投稿日:2024.10.14/更新日:2024.10.15
固形腫瘍に対する治療では、ワクチン、リンパ節、樹状細胞、CD4T細胞、CD8T細胞の連携が鍵を握るように感じられます。今回は、プラスミドDNAを使用したDNAワクチンの治験結果をご紹介します。
この方法は、コロナワクチン開発の際に阪大の森下竜一先生のグループが提案していたもので、HCCにも有望な効果が期待されています。また、サイトカインIL-12も併用され、ガンに対する治療法開発は世界中で競争が激化している状況です。私たちに希望をもたらす結果です。
研究概要
『Personalized neoantigen vaccine and pembrolizumab in advanced hepatocellular carcinoma: a phase 1/2 trial』
Nature Medicine 2024年4月7日発表
PD-1阻害剤は、肝細胞癌(HCC)において単剤療法ではわずかな効果しか示しません。しかし、**個別化がんワクチン(PTCV)**は、腫瘍特異的な免疫応答を誘導し、PD-1阻害剤に対する治療効果を増強する可能性があります。

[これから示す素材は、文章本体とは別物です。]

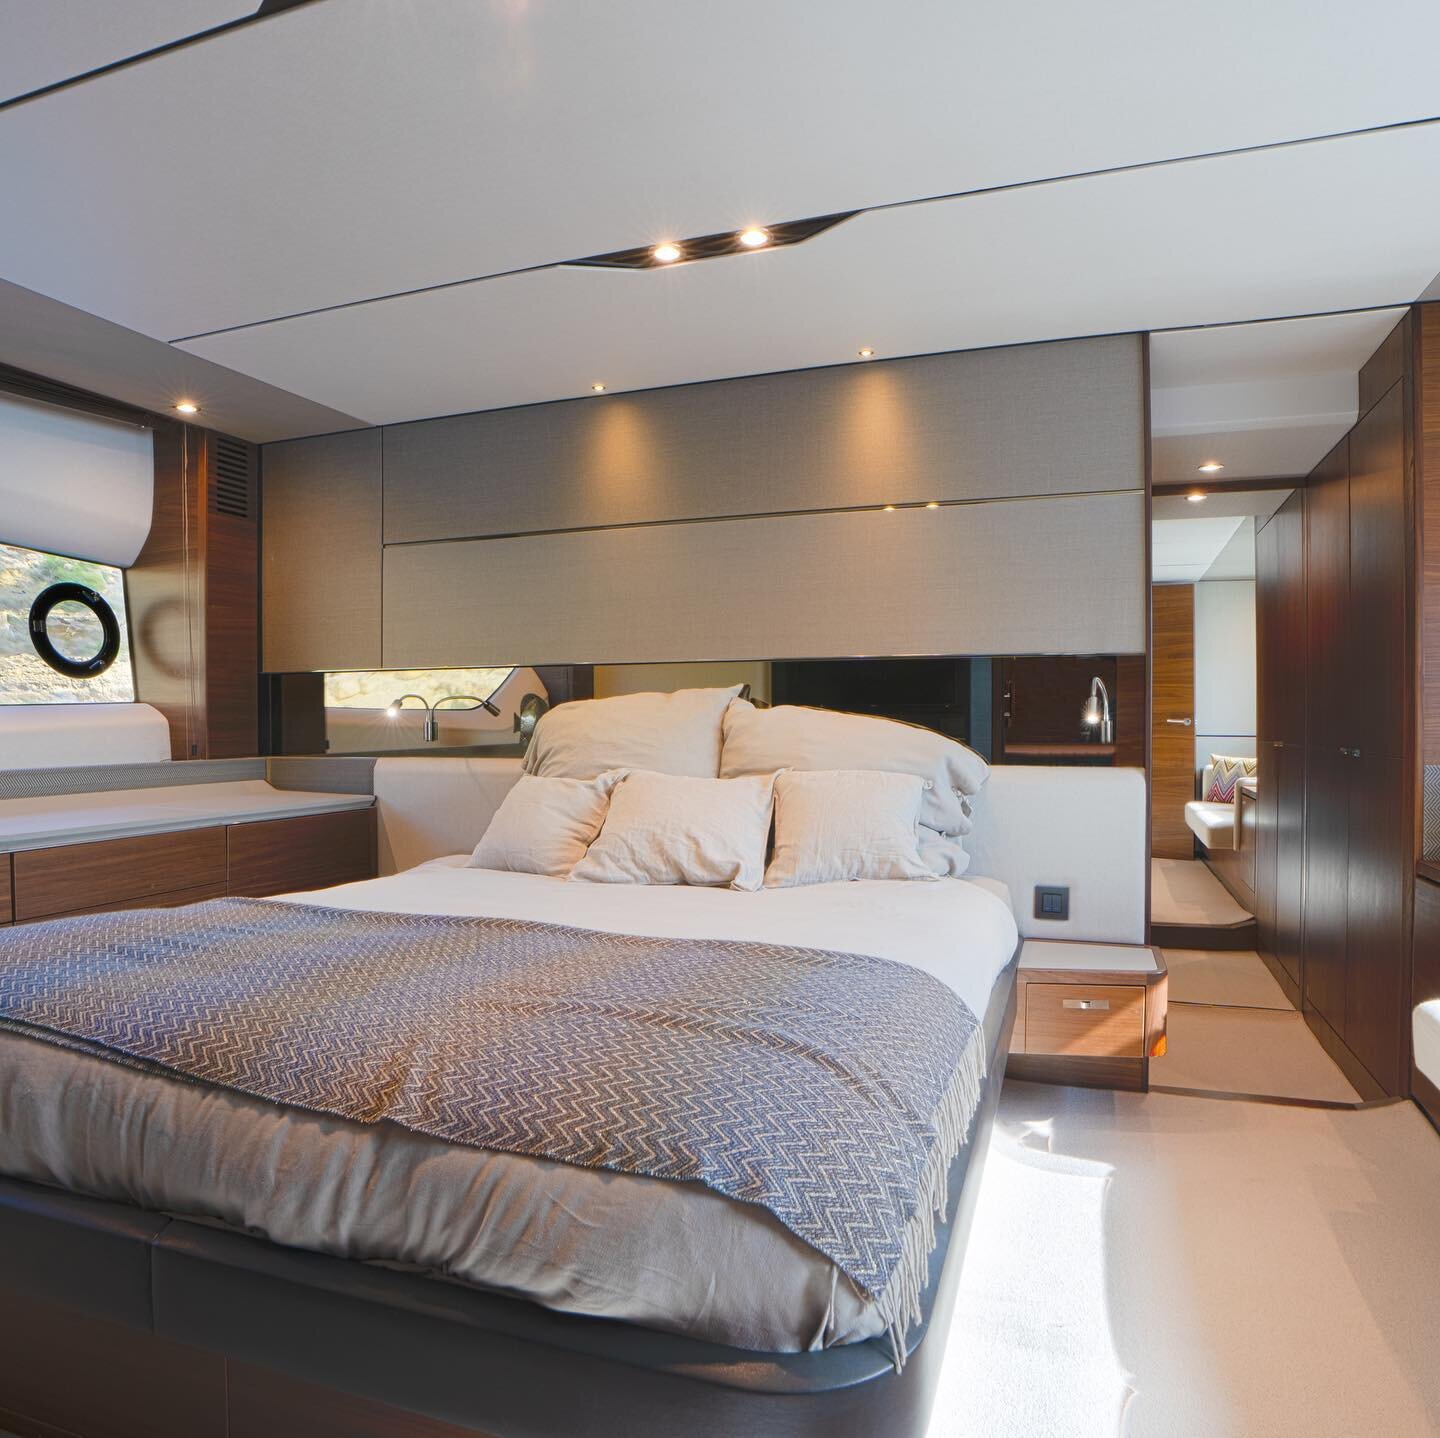 Even with the sleek exterior design, no compromise has been made on the interior of this #princessyachts S65. 

#yachtbroker #yacht #yachting #yachtlife #britishbuilt #forsale #yachtforsale #puertoportals #portalsport #mallorca #yachtlife #yachtdesig

この第1/2相試験では、**DNAプラスミドPTCV(GNOS-PV02)**を使用し、進行性HCC患者を対象に治療を行いました。最大40種類のネオアンチゲンをコードするDNAプラスミドに、プラスミドでコード化されたインターロイキン-12とペムブロリズマブを併用し、これまでに多剤チロシンキナーゼ阻害剤で治療された患者に投与しました。
主要評価項目は安全性と免疫原性であり、治療効果や実用性は二次評価項目として評価されています。
結果
多重パラメトリック細胞プロファイリングでは、活性化・増殖したワクチン特異的なCD4+およびCD8+エフェクター細胞が確認され、TCRβシークエンシングではワクチンにより濃縮されたT細胞クローンが腫瘍に浸潤していることが示されました。
結論
この研究結果は、個別化がんワクチン(PTCV)とペムブロリズマブの組み合わせが、進行性HCCに対して有望な臨床効果を持つことを示しています。